▶ [EXERCISE DESCRIPTION]:
Exactly as written, print every line of the listing below and omit its pictures.

▶ [INFORMATION PROVIDED]:
***

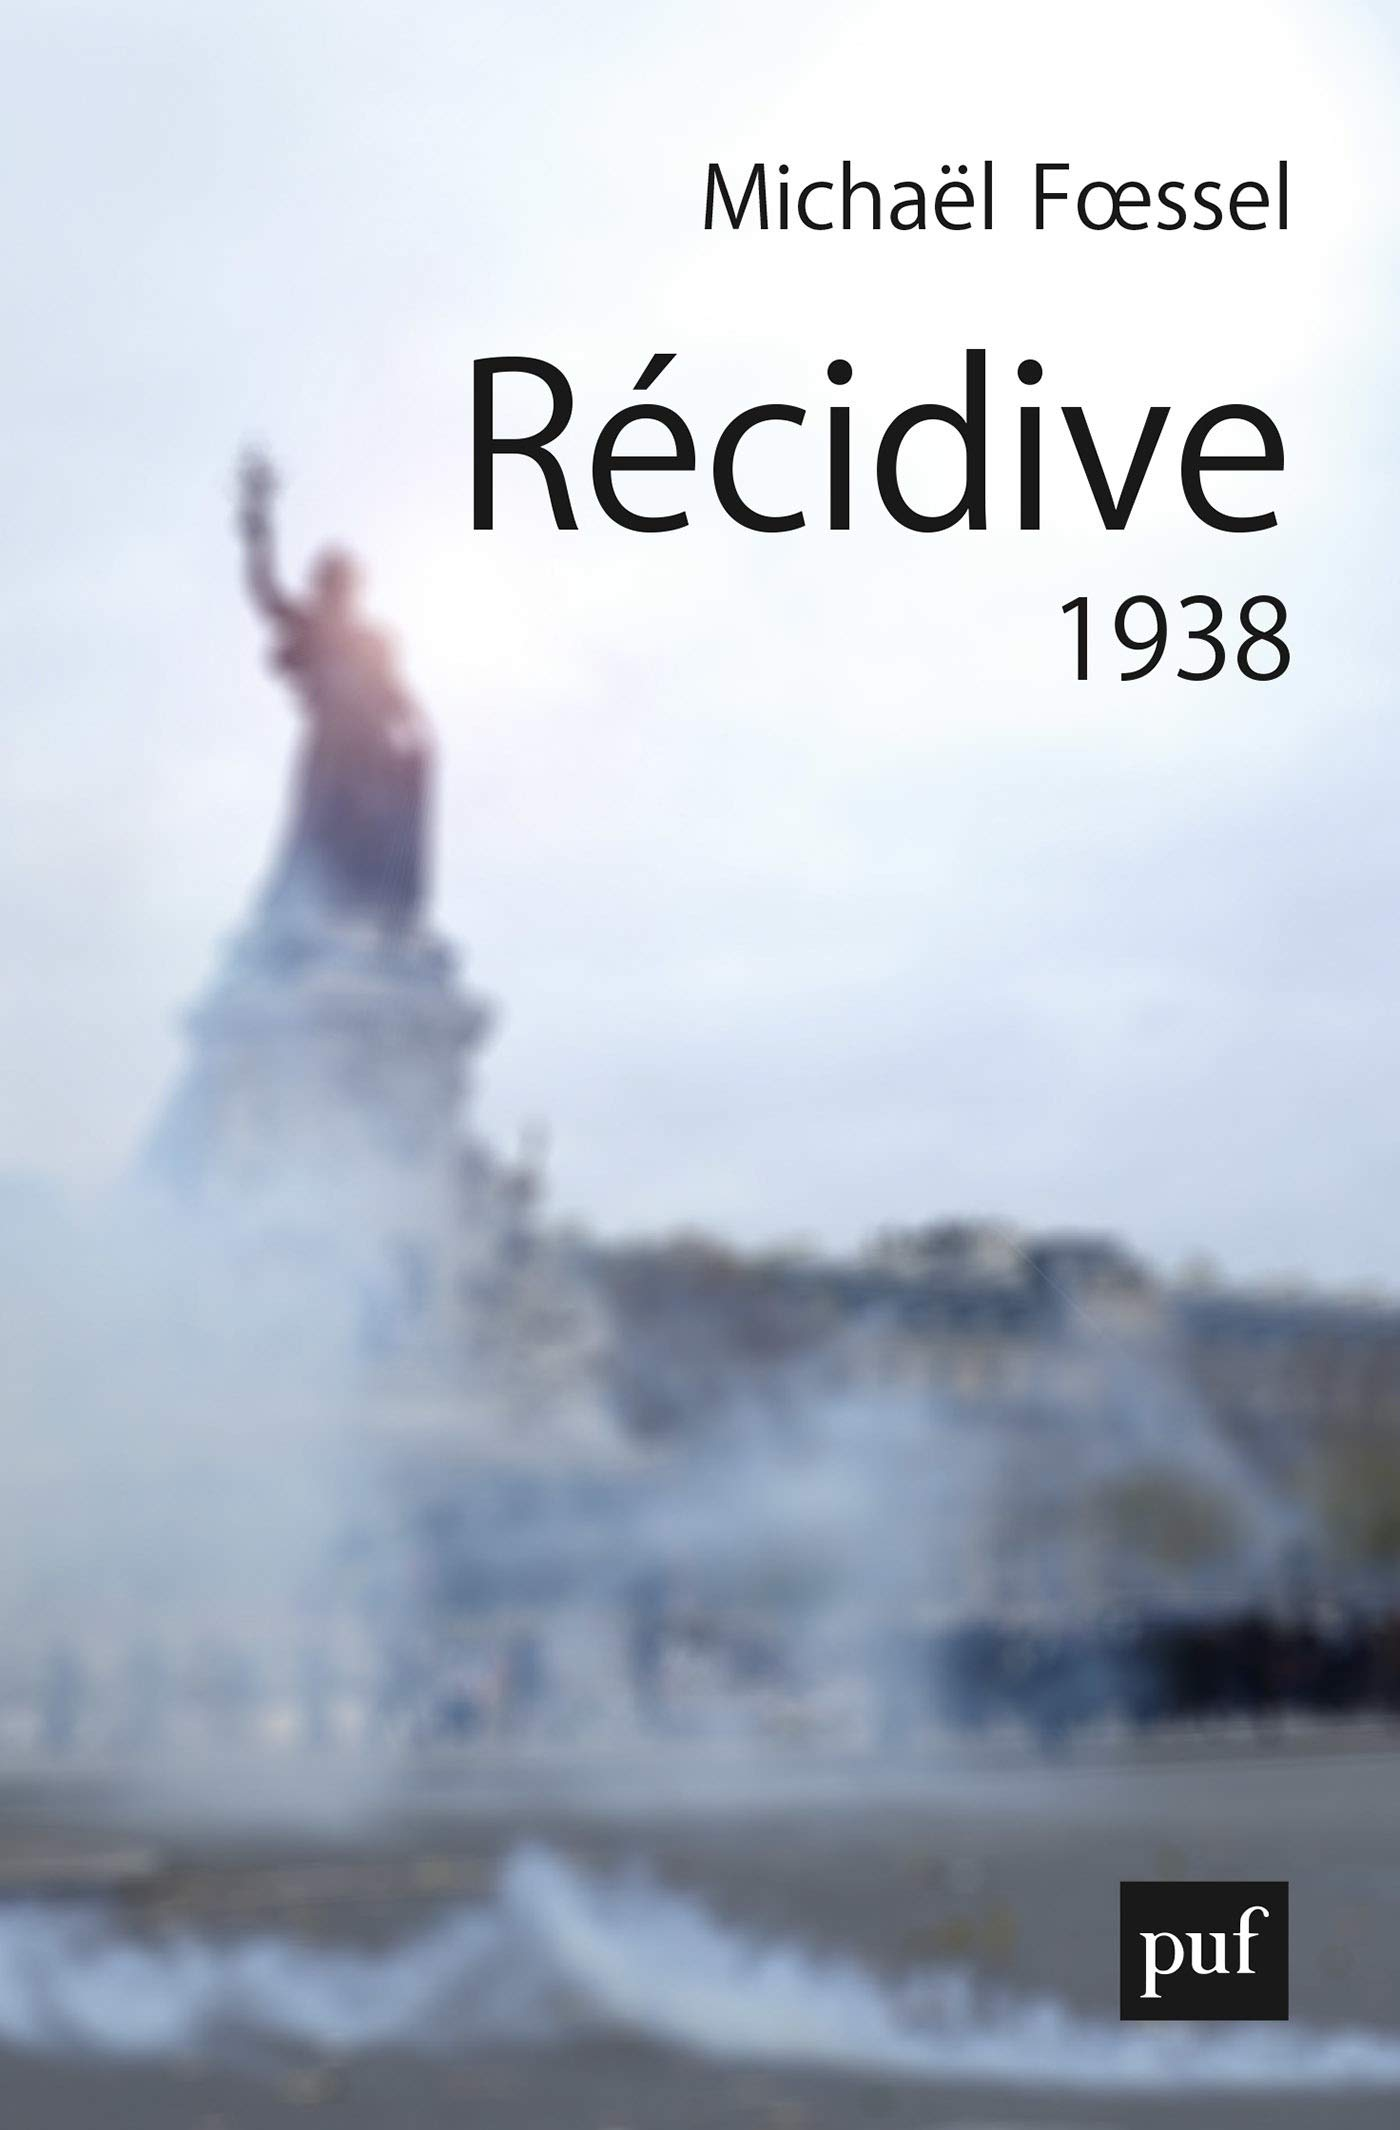 Récidive. 1938 (Hors collection) por Michaël Foessel
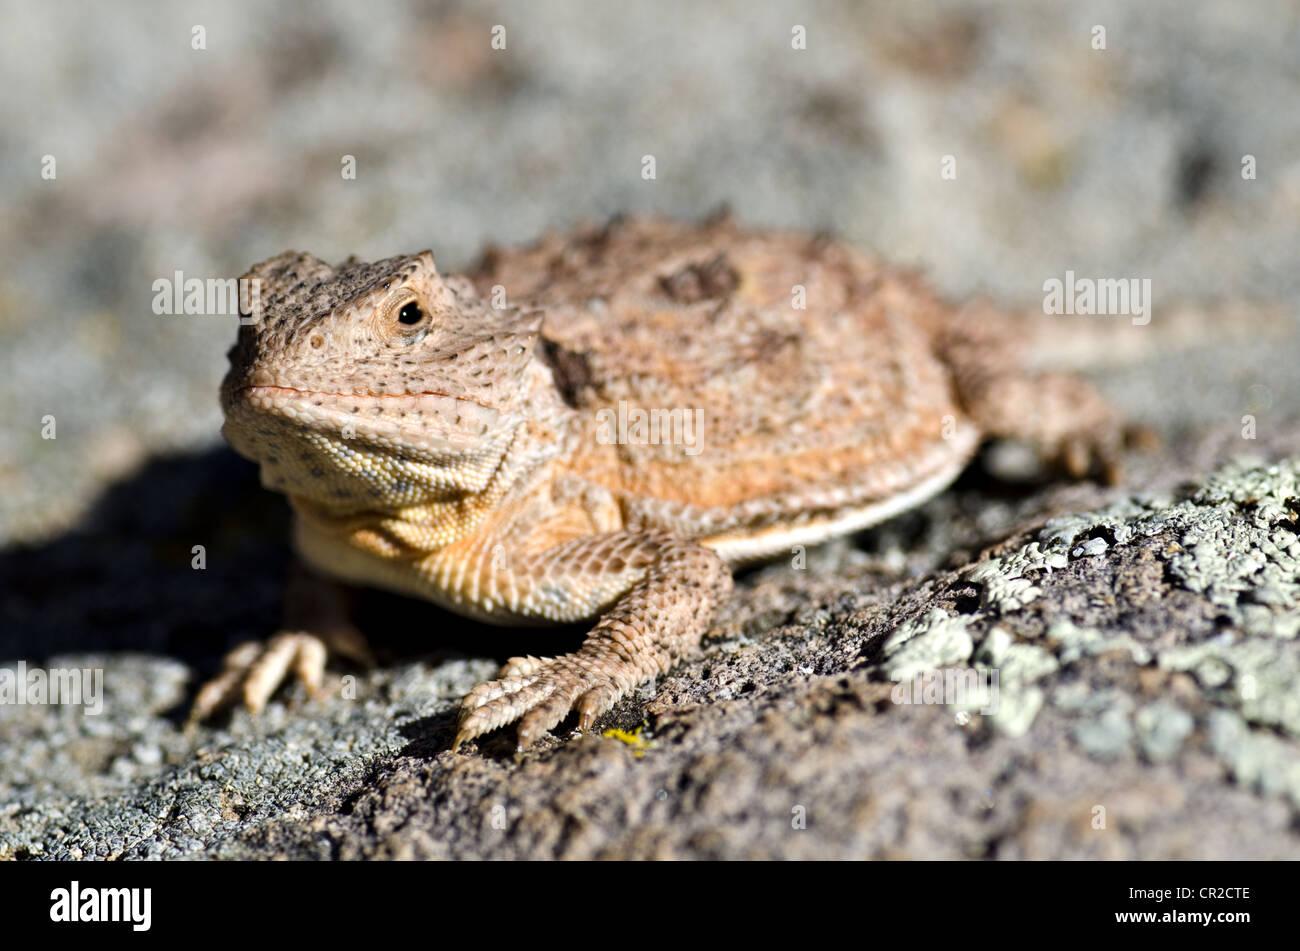 New mexico socorro county magdalena - Hernandez S Short Horned Lizard Phrynosoma Hernandezi Hernandezi Magdalena Mountains Socorro County New Mexico Usa
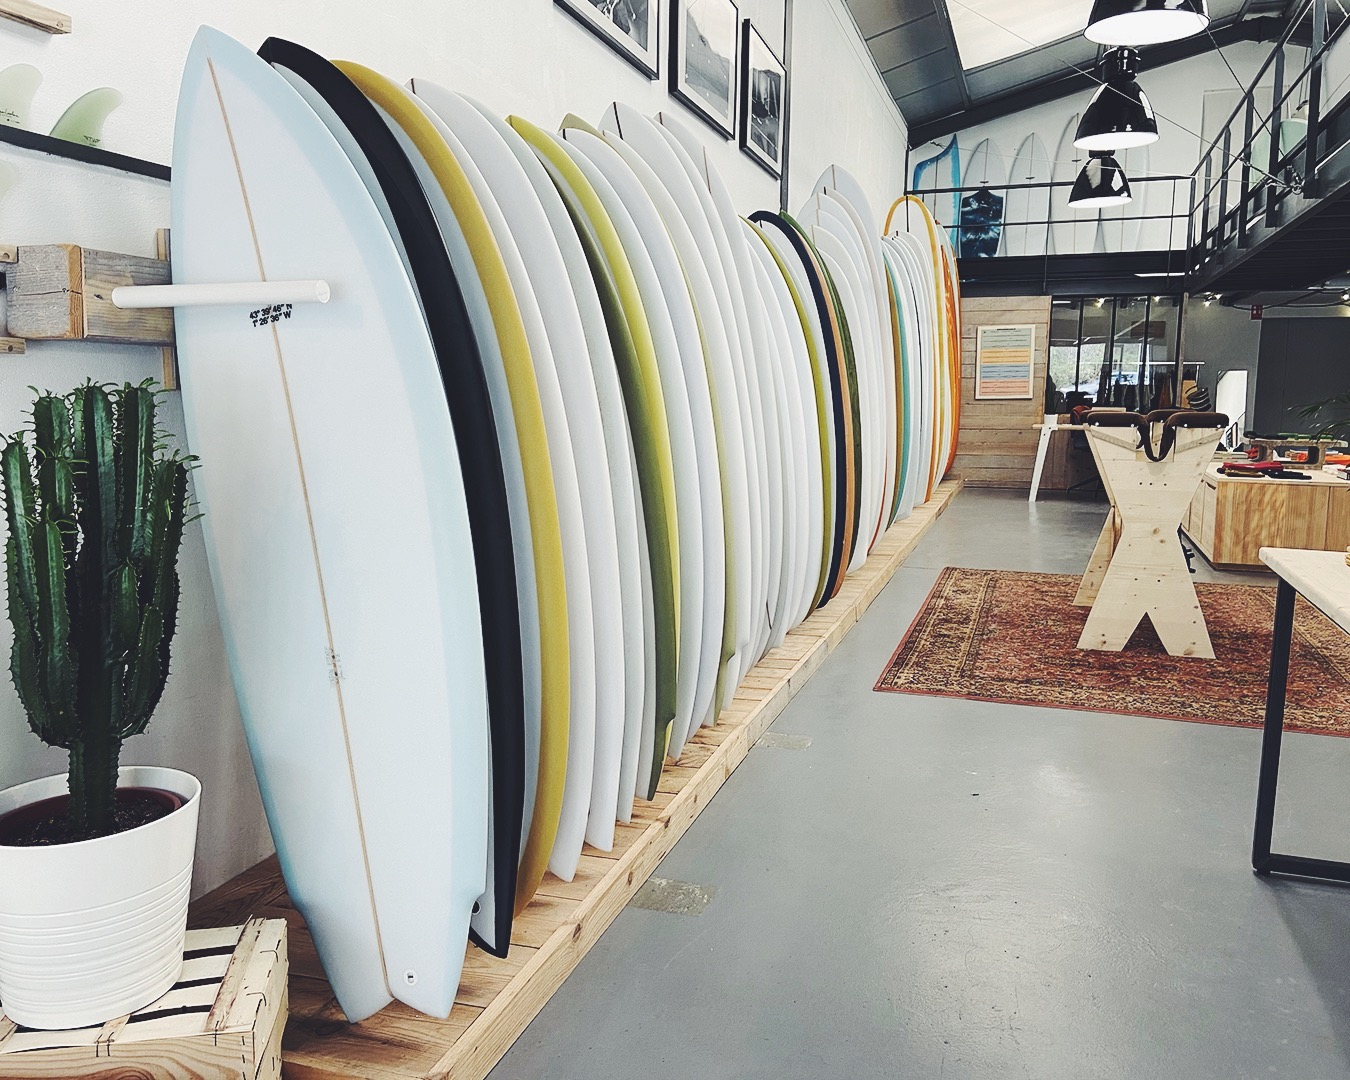 Surfinestate Surfin Estate surf shop brand surfboard clothing accessories apparel shape design culture Vincent Lemanceau Arthur Nelli France Hossegor

***

▶ [SOLUTION FOR THIS PROBLEM]:
 Récidive. 1938 (Hors collection) por Michaël Foessel
 New mexico socorro county magdalena - Hernandez S Short Horned Lizard Phrynosoma Hernandezi Hernandezi Magdalena Mountains Socorro County New Mexico Usa
 Surfinestate Surfin Estate surf shop brand surfboard clothing accessories apparel shape design culture Vincent Lemanceau Arthur Nelli France Hossegor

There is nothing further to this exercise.